However, when I am in a place of difficulty, and I am preaching the truth to myself, comparing my sufferings can be a good thing.  It is healthy for me, at least, to realize how blessed I am.  There are people in the world who do not have food, shelter, water, a livelihood, health, and plenty of other things.  I am filthy stinking rich in comparison to most of the world.  And not because I earned it, but because of who I was born to.  When I went to Haiti, I saw overwhelming devastation of all sorts.  One of the things that sticks with me is a man who lost two children, but rejoiced that his third was alive!  In Haiti, especially in the worship services, I saw that suffering and joy were not mutually exclusive.  And the relative bigness of some of their sufferings in comparison to mine allows me sometimes to take a deep breath and know that it's not the end of the world.  It is good to be invaded by realities bigger than the small world I allow myself to be focused on when I am focused only on myself.

For I consider that the sufferings of this present time are not worth comparing with the glory that is to be revealed to us.  (Romans 8:18)  What is coming for us is so much bigger than what we are going through now.  The glory that is to be revealed to us is going to be awesome in the strongest sense of the word.  Take everything you are going through right now and place it on a scale against God's eternal glory, and it is not even feathers!

The flip side of this comparison - and it's so lopsided that it's apparently not even worth the comparison - is a very sobering reality.  Some humans will die and enter eternal damnation separated from Christ in hell.  God's wrath will rightly visit them for eternity.  Millions slip unexpectedly over this waterfall into eternity every year, and none of our sufferings compare to the sufferings of hell.  When I believe I am suffering here and now, it is good to consciously bring before my mind that I really deserve an eternal suffering that is a trillion trillion times worse than this, but that by God's grace alone I have been saved.  Therefore, since we have been justified by faith, we have peace with God through our Lord Jesus Christ.  Hallelujah!

Since suffering is ultimately a consequence of original and ongoing sin, I think our sufferings can be taken as a clue to the seriousness with which God takes sin, and our sufferings are occasions for repentance.  They remind us that God's wrath is real, and therefore we should take the reality of hell seriously, to avoid it ourselves and to have urgency in warning others (within the context of the whole Gospel).

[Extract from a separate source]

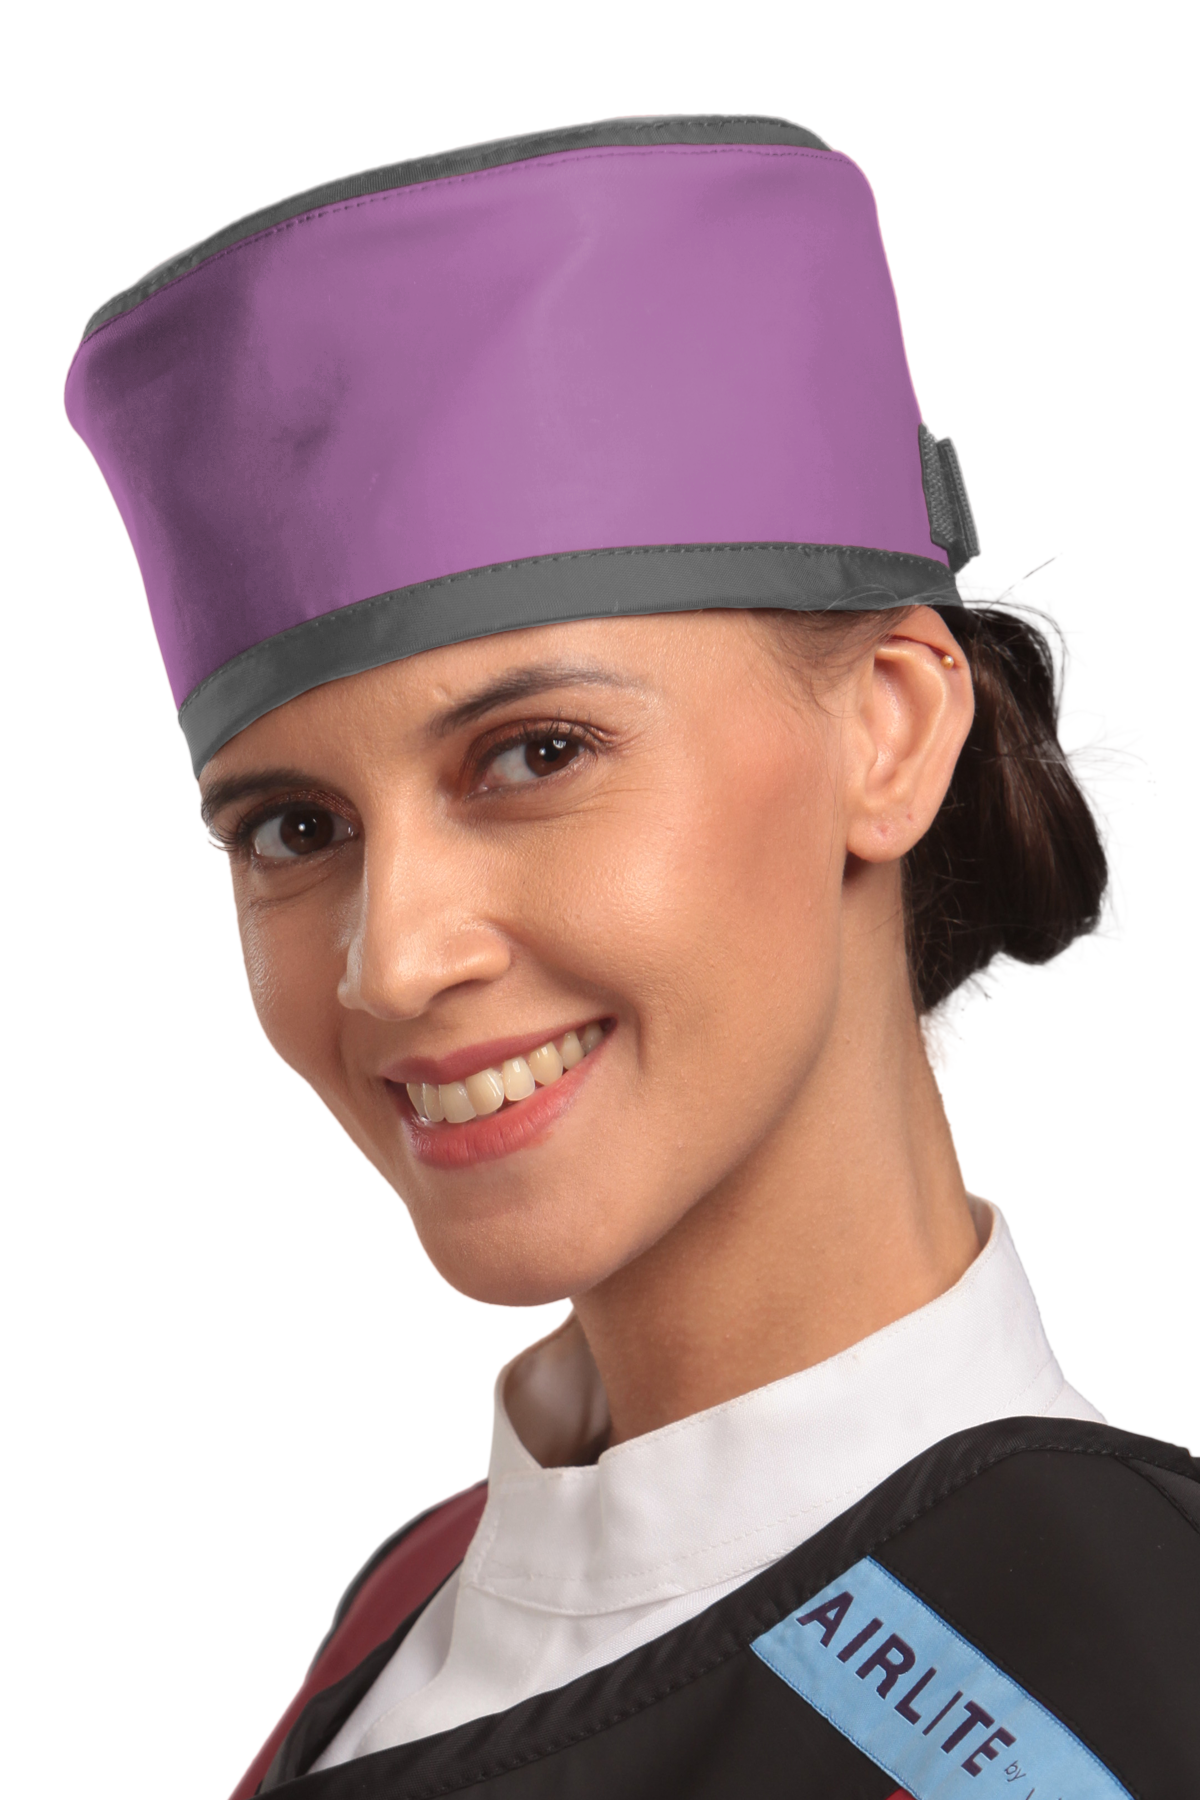 Up-close left-side frontal view of a female model wearing a radiation protection head shield. The head shield is Lilac with grey-colored lines around the lower and upper edges.

While the earthquake in Haiti may not have been God's specific judgment on Haiti for a specific sin committed, it is nevertheless evidence of God's judgment on sin, and our response should be repentance, not an investigation into the sins of Haiti.  When the Tower of Siloam fell on some unsuspecting folks and Jesus was asked about it, his instructions were simple: repent.

Fourth, our God knows suffering as an insider.  This is more comforting than anything I have said thus far, I believe.  God did not exempt himself from the sufferings of his children, but he allowed himself to undergo them all.  He is a High Priest who can sympathize.  He was tempted in every way as we are, yet without sin.  He was homeless, mocked, betrayed, spit on, deserted, rejected, laughed at, and crucified.  Physically and emotionally Jesus suffered greatly.

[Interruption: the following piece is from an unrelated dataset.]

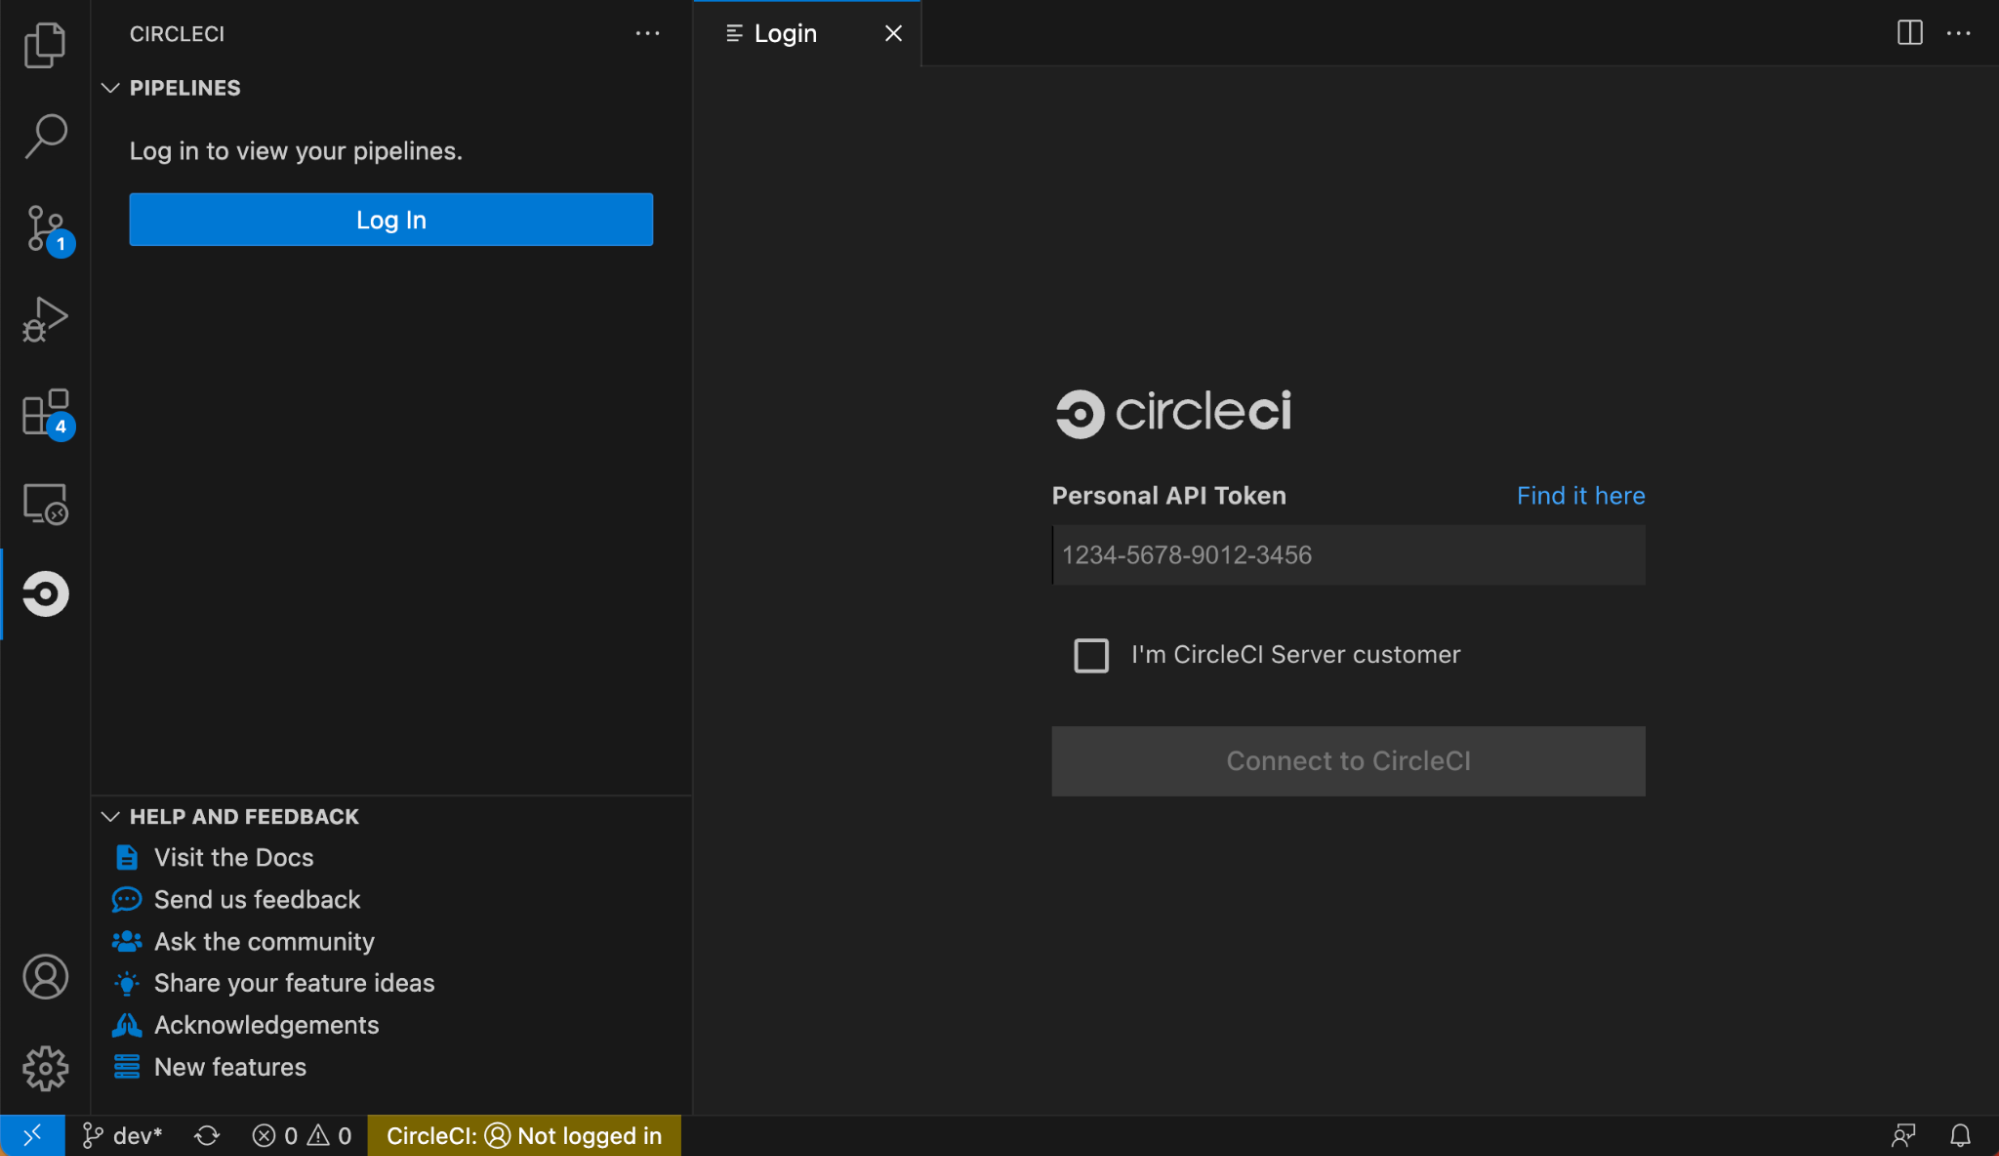 Log in to CircleCI from VS Code

Yet there was a suffering far greater than these.  Spiritually, Jesus was separated from the Father; he cried out, "Why have you forsaken me?"  Jesus had known perfect fellowship with the Father from eternity past; for the first time that fellowship was broken, as my sins were laid on his back, and he bore God's terrible wrath toward my sin in my place.  I deserved crucifixion and worse, but he took it.  He deserved blessings and fellowship, which were rightfully his all along, but he gave those up to shoulder the cross, and I got those blessings and that fellowship, instead.  That is what the Gospel is about!  But oh, the suffering Jesus endured!  It is a suffering that we cannot comprehend, and it is one that bids me to silence in the presence of our holy God.

And now Jesus is resurrected.  He is alive.  He is at the Father's right hand.  If we are in him, because he has been raised, we receive forgiveness and justification.  The price has been paid.  Jesus knows us intimately, he formed us, and he has placed his Spirit within us.  He pours his love into our hearts through the Spirit!  I do not believe that the great martyrs of old and today were extra-super-spiritual or full of superhuman strength.  I think that they had grasped to the heart this magnificent truth: God loves us!  Oh, that we might really know that!

Some people have a hard time believing God would send people to hell.  I have the hardest time believing he's not going to send me.  I understand - though not as much as I ought - God's wrath.  I have a harder time understanding his grace and love.  I am so deserving of eternal suffering, but I believe he foreknew me, predestined me, justified me, and that I will one day reach glory.  Each step is not dependent on my works or inherent goodness but on the gracious gift of a persevering faith that produces works.  My boasting is eradicated by the blood of Jesus!

Let yourself be understood by Jesus.  Let yourself be known by Jesus.  Let yourself be comforted by Jesus.  He does love you, and he does understand you.  Many people feel alone in their sufferings.  They are unable to be comforted because they believe no one understands.  No one has gone through the exact same things.  If you get in a habit of shutting people out who try to comfort you because you don't believe they understand, you may end up hardening your heart to the love of any other in general, and you risk shutting out the God who actually understands perfectly and who stands there by your side to comfort you and give you joy in suffering. 

Finally, one of God's purposes in suffering is the spread of the Gospel.  We are filling up what is lacking in Christ's afflictions.  Christ's sufferings on the cross were sufficient to pardon sinners, but what is lacking is a very real portrait of that to the nations in each generation.  As the Church we are the Body of Christ, indwelt by the Spirit.  Just as Christ suffered bodily on the cross, his Body now suffers for the same ultimate purposes - that Christ would be glorified through the purchase of sinners into his family.  Christ went to the cross for the joy that was set before him - many sons coming to belief.  We find real joy, too, when we count our lives as nothing compared to knowing Christ, and in so doing, proclaim the Gospel which is the power of God for salvation to all who believe.  It is the mark of true believers when, having given up everything, they deny that they have given up anything because they really have caught the Philippians 3:7 logic.  And the spread of the Gospel through sufferings and deaths of saints should not hold up only those very visible actions of self-denial but the thousands of smaller daily dyings to self that serve as the necessary foundation.  May Christ be our treasure!  Soli Deo gloria.

We will be able to rejoice in sufferings when we get ourselves caught up in bigger realities than our own lives, namely the glory of God.

To summarize, you can suffer with joy because God is in control and he loves you.  Wiser men and women may have written a far more helpful account, but it is my hope that this will have been of help to you.  Thank you for sticking with me in such a long and meandering pondering on a deep and heavy subject.